Half metallicity and magnetic stability of sp-electron superlattices in rock-salt structure: A first-principles study

•The magnetic behavior of rock-salt sulfide superlattices in the (001) direction is investigated.•All these superlattices maintain the half metallicity.•The p–p hybridization is shown to be essential for the formation of spin polarization.•S atoms in different layers of the superlattices show distinct polarized directions.•Discussion of volume-conserving deformations further demonstrates the magnetic stability.

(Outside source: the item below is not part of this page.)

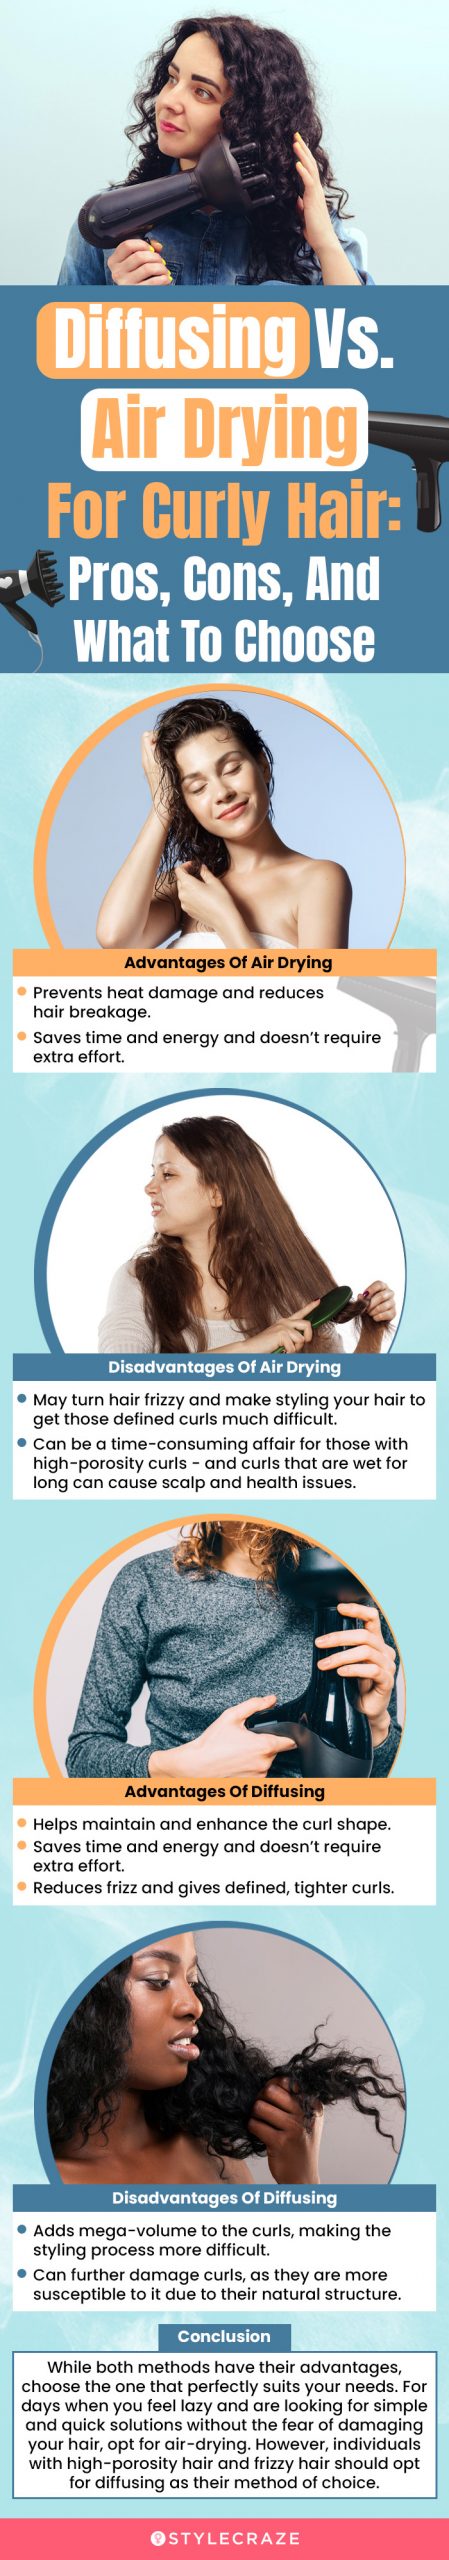 diffusing vs. air drying for curly hair pros, cons, and what to choose (infographic)

Density functional calculations were performed to study the structural, electronic, and magnetic properties of sp-electron half-metallic superlattices (KS)1/(CaS)1, (RbS)1/(SrS)1, and (CsS)1/(BaS)1 (001) in rock-salt structure. All the superlattices are found to be spin polarized, and the calculated band structure suggests a 100% polarization of the conduction carriers. The p–p hybridization is shown to be essential for the formations of localized orbitals and spin-splitting. The half-metallic electronic structure will be destroyed upon an excessive lattice compression, accompanying with a metallic transition. Moreover, the analysis of the orbital-decomposed partial density of states and spin density reveal that S atoms in different layers of the superlattice show distinct polarization directions. Discussion of volume-conserving deformations further demonstrates the stability of half metallicity in sp-electron superlattices.